Unlocking the Potential of Adsorption in Distillery Wastewater Treatment: a Comprehensive Review

The world's top two producers of sugarcane are India and Brazil. After China, India is the second-largest manufacturer of alcoholic beverages. The distillery industry in India produces a huge amount of wastewater that is often released untreated into water bodies. Different distilleries have common pollutants that are being discharged into water bodies including wastewater, chemicals and solvents, cooling water, and agricultural runoff. Water pollution due to distilleries is causing a significant impact on the water's quality, making it unsafe for human consumption, aquatic life, and other uses and damaging the soil due to inadequately treated and indiscriminately disposed effluents.

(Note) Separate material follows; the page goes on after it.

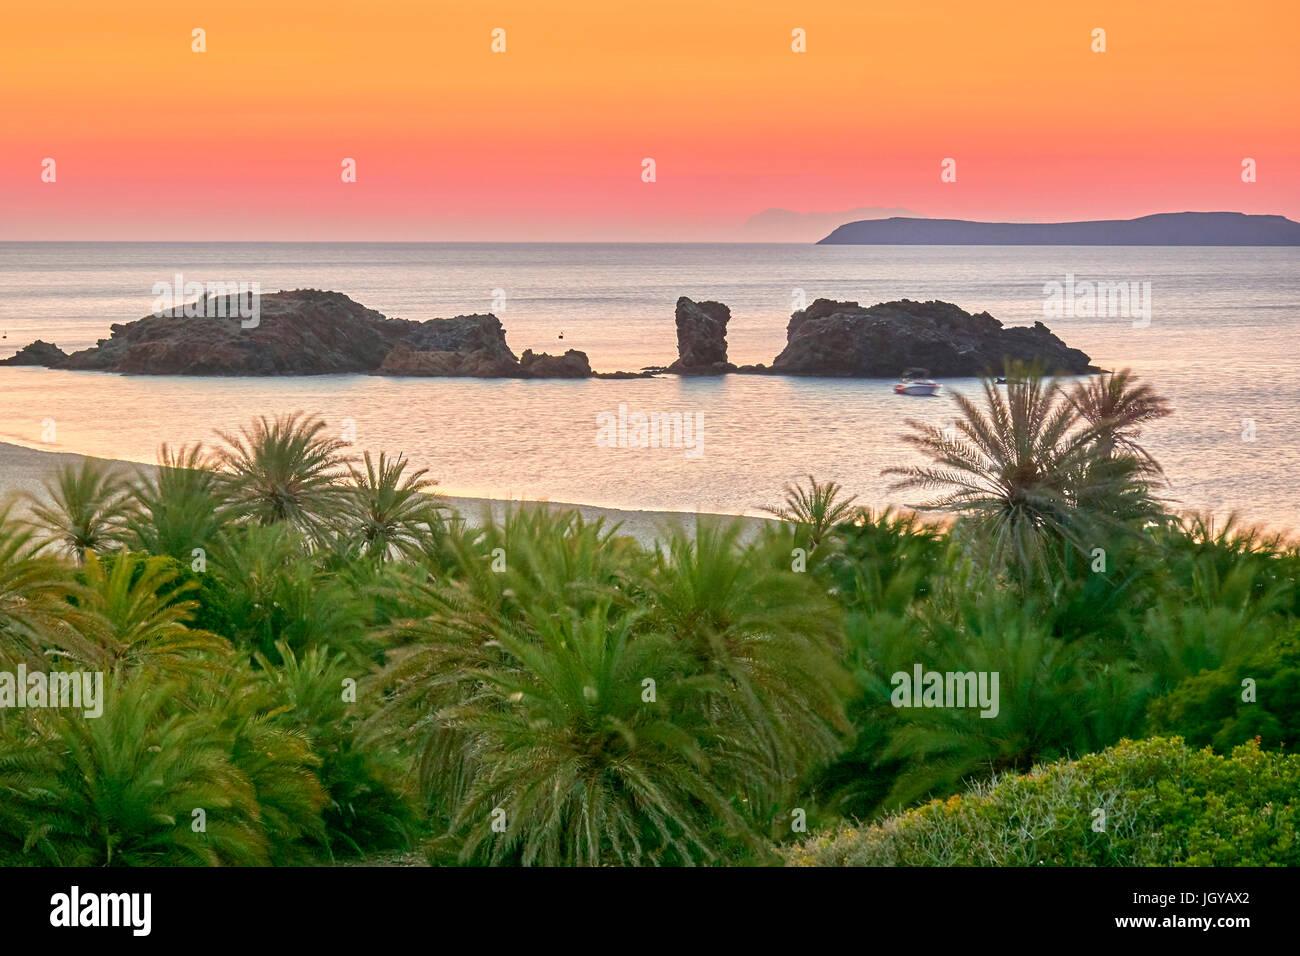 Dusk before sunrise at Vai Beach, Crete Island, Greece - Stock Image

Heavy metals and organic contaminants have a major influence on the contamination of water bodies. The various adsorbents and their efficiency in distillery wastewater treatment are examined in this comprehensive review. The adsorbents like sugarcane bagasse, zeolites, chitosan, activated carbon, fly ash, and clay minerals are studied for the effective and economical treatment of distillery wastewater by researchers and are reviewed in this paper. The review of the relevant literature shows that the maximum removal efficiencies of organic matter and heavy metals vary between 44 and 99.8% with optimal pH from 2 to 7 and contact time varying from 1 to 24 h. A bibliometric study is also mentioned in this paper to justify the need for the study of distillery wastewater using adsorbents. Sustainable and economic criteria are studied through the life cycle assessment of different adsorbents for the treatment of wastewater. Overall, 78 research papers are reviewed in this paper. It has been shown that naturally occurring adsorbents and adsorbents made from agricultural waste may effectively treat distillery effluent in place of commercial activated carbons. However, it has been determined that there are still some open questions about the optimization and commercialization of suitable adsorbents, as well as the application, regeneration, reuse, and safe disposal of loaded adsorbents. Finally, the potential directions of the contamination biosorption study are presented.